• Requirement: Return exactly, with nothing added, the lines from the one that contains "<p>FILE - People" through the end of the listing below, pictures excluded.

• Data below:
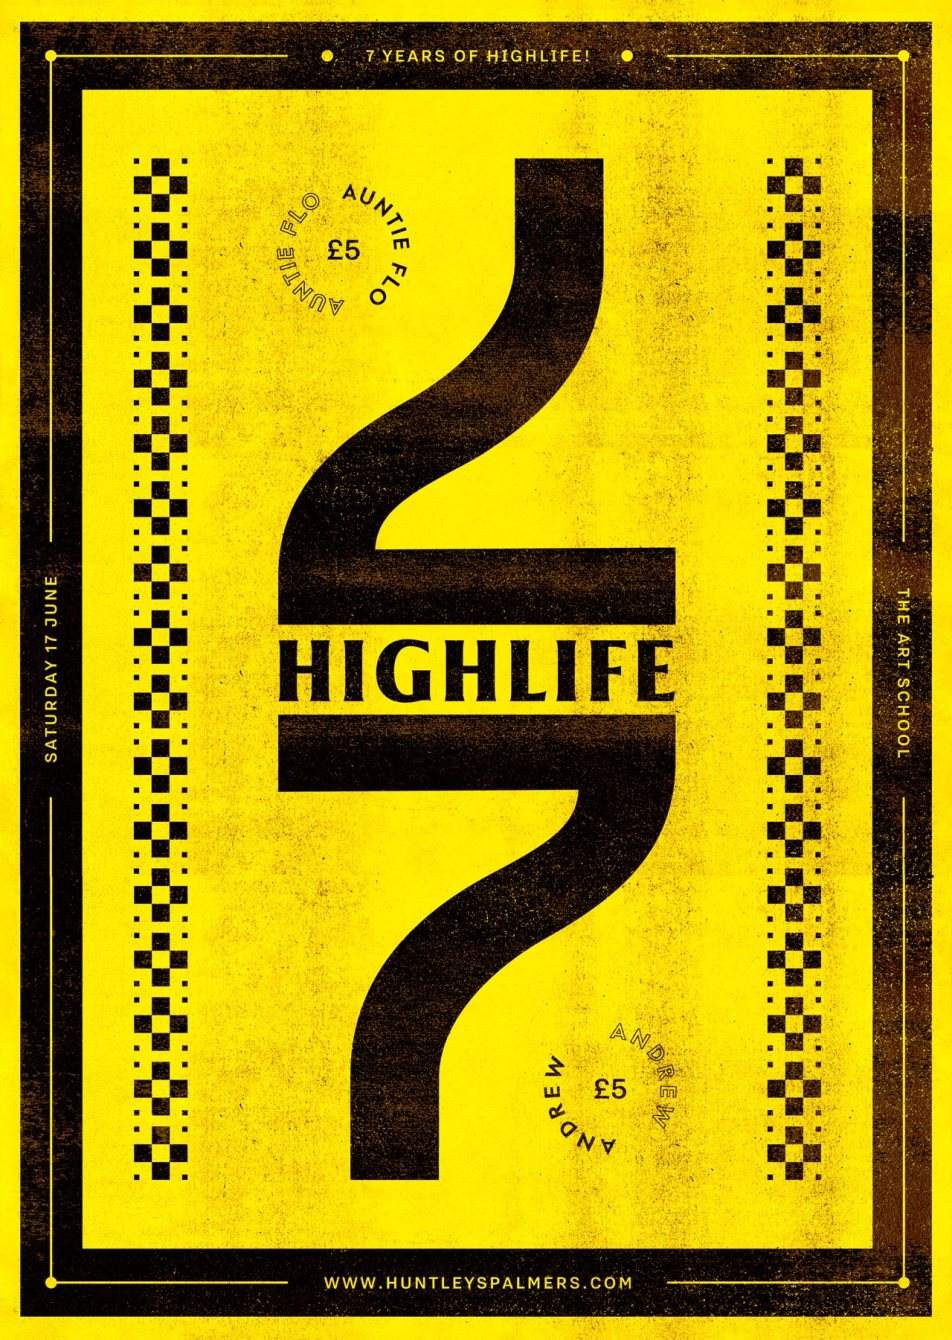 7 Years of Highlife with Auntie Flo + Andrew - Página frontal
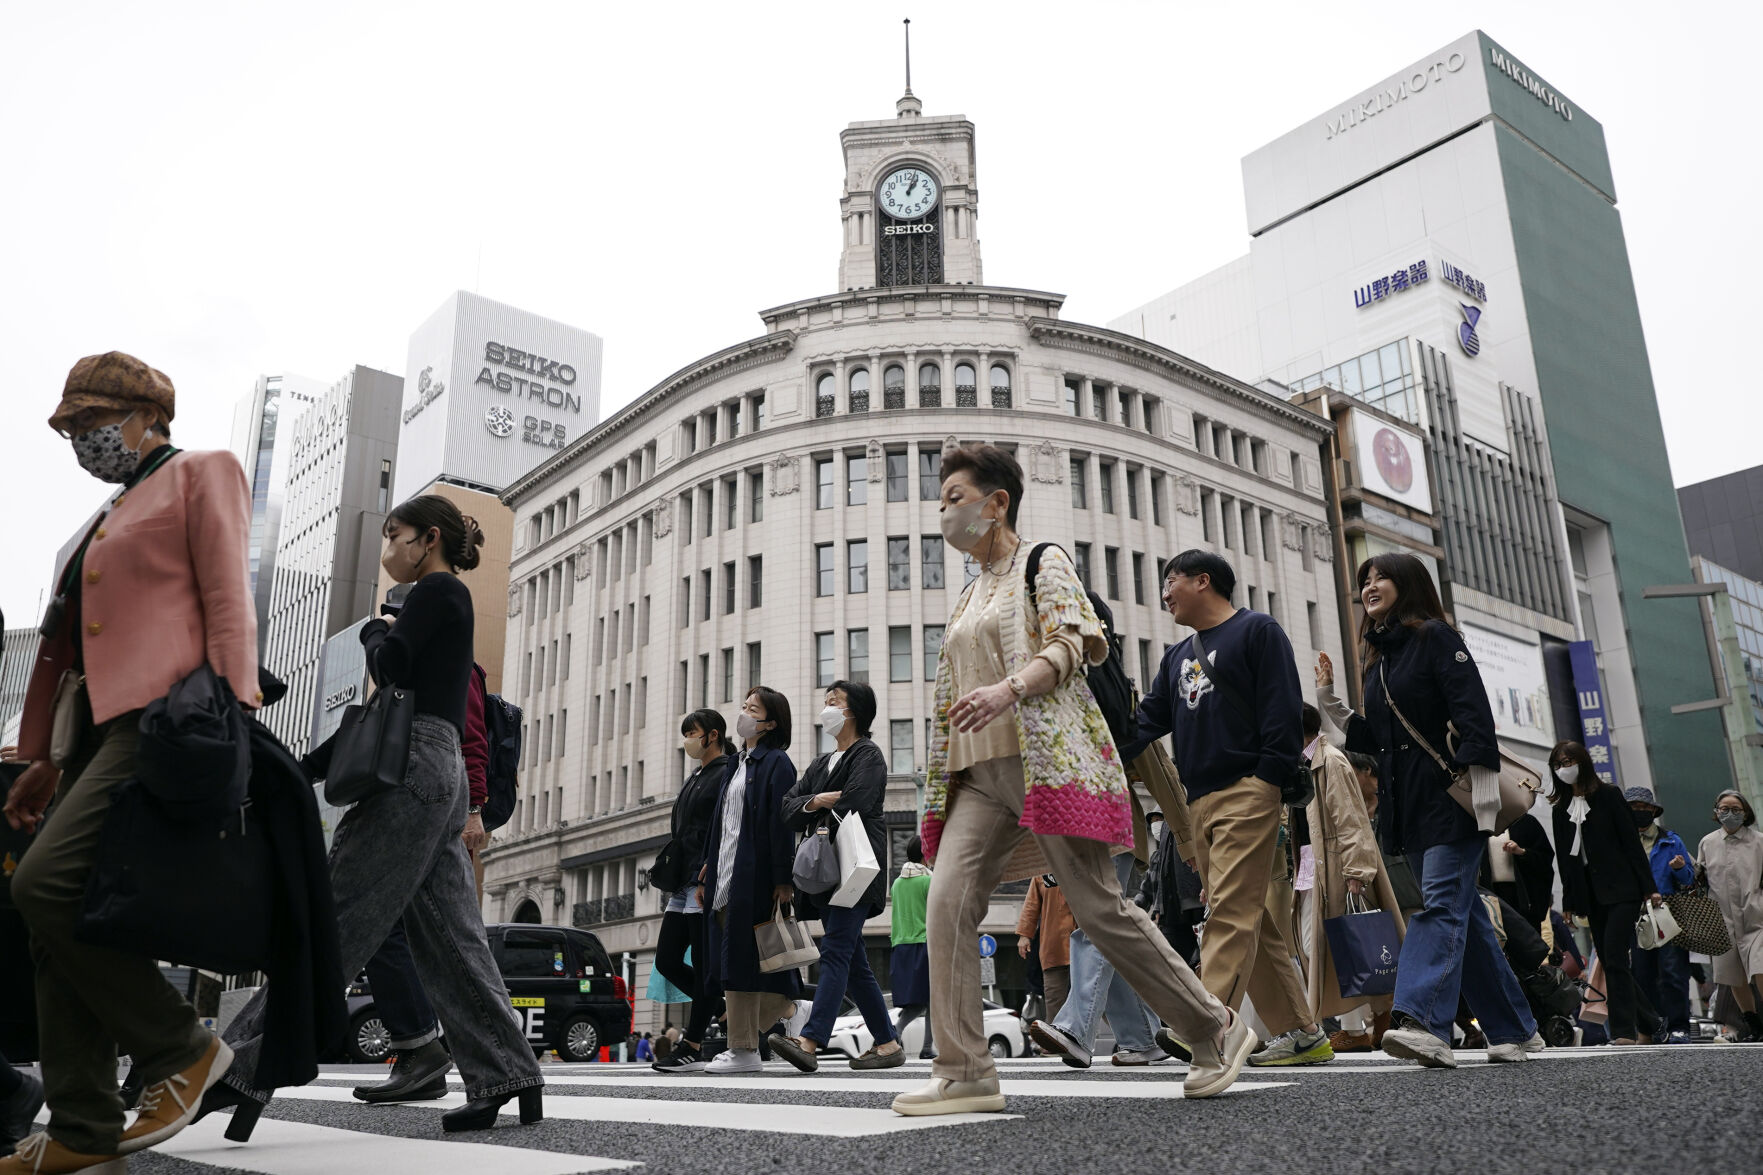 <p>FILE - People walk across a pedestrian crossing in Ginza shopping district in Tokyo on March 31, 2023. Japan’s economy slipped into a contraction in the third quarter, decreasing at an annual pace of 2.1% as consumption and investments shrank, the government reported Wednesday, Nov. 15, 2023. (AP Photo/Eugene Hoshiko, File)</p>   PHOTO CREDIT: Eugene Hoshiko 
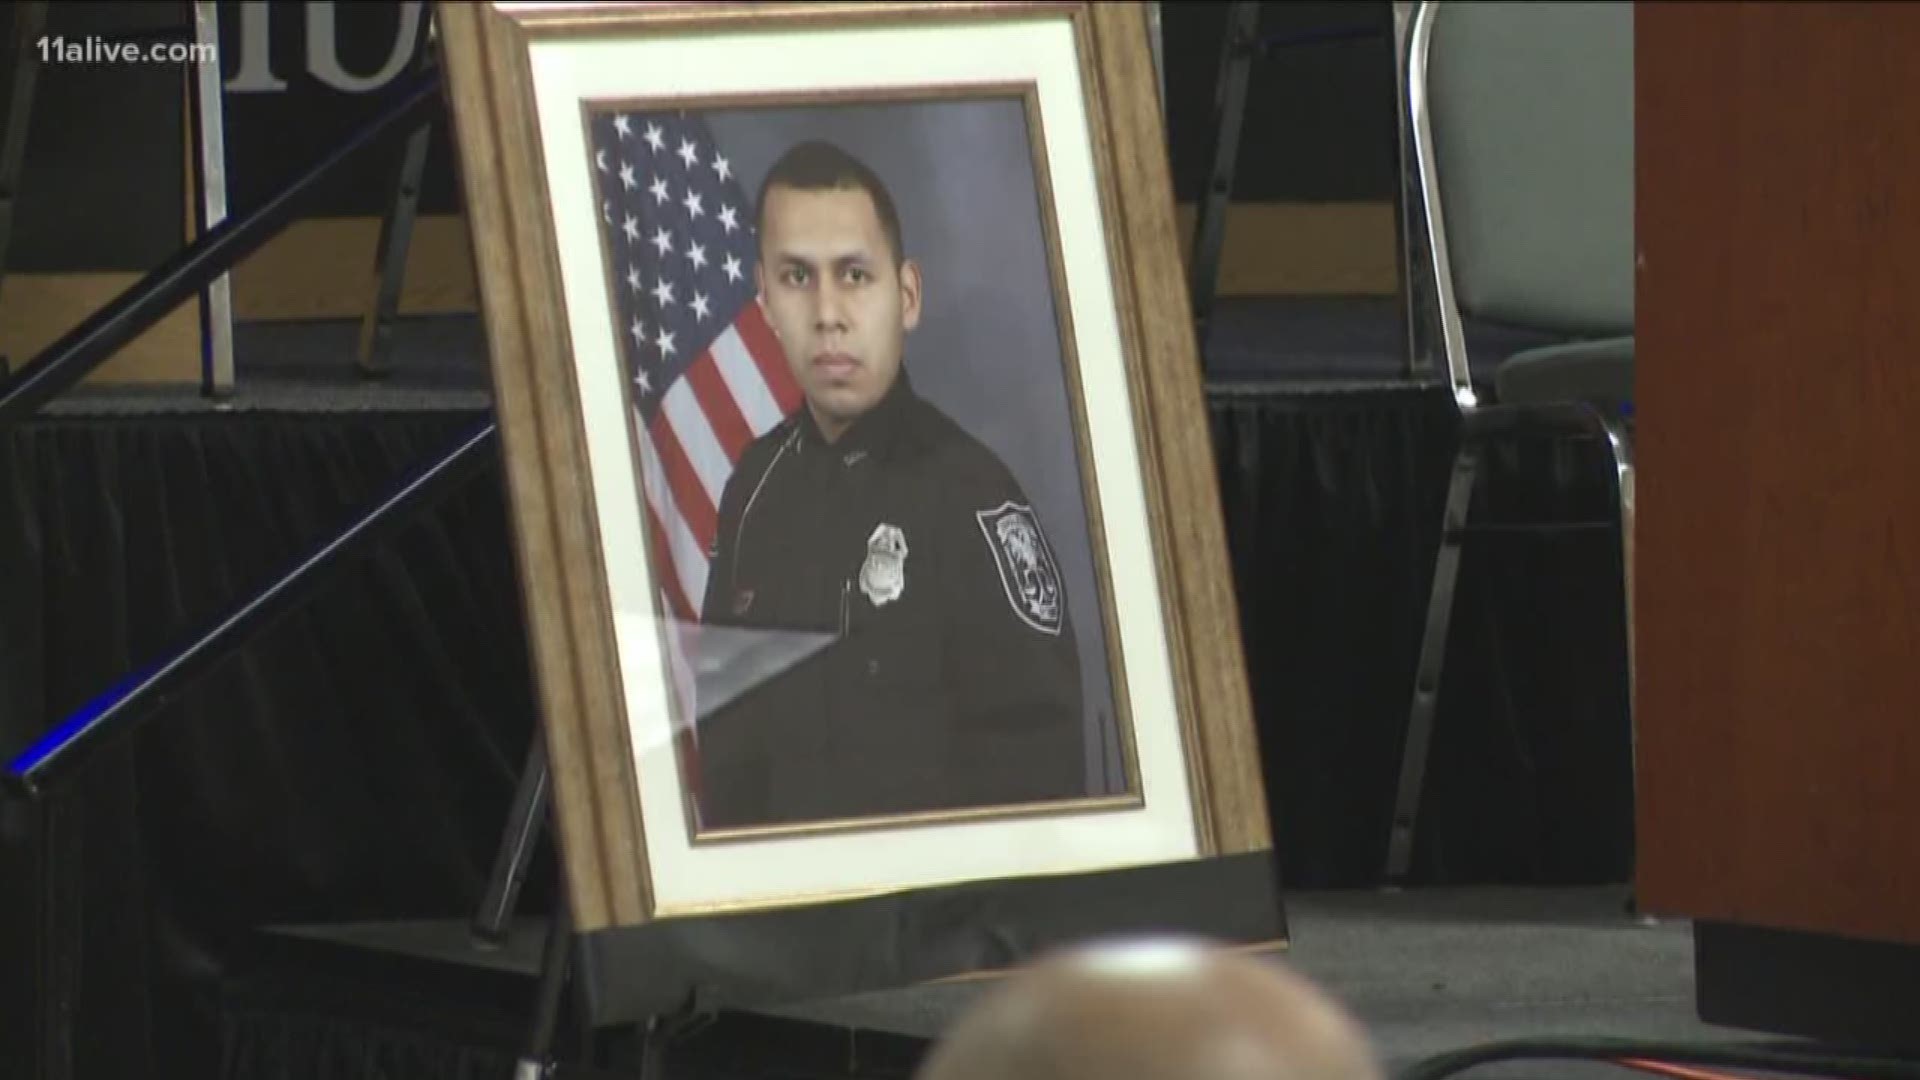 It was a night honoring a hero as hundreds showed up to pay their respects for the DeKalb County Officer Edgar Flores.

• Task answer:
 <p>FILE - People walk across a pedestrian crossing in Ginza shopping district in Tokyo on March 31, 2023. Japan’s economy slipped into a contraction in the third quarter, decreasing at an annual pace of 2.1% as consumption and investments shrank, the government reported Wednesday, Nov. 15, 2023. (AP Photo/Eugene Hoshiko, File)</p>   PHOTO CREDIT: Eugene Hoshiko 
 It was a night honoring a hero as hundreds showed up to pay their respects for the DeKalb County Officer Edgar Flores.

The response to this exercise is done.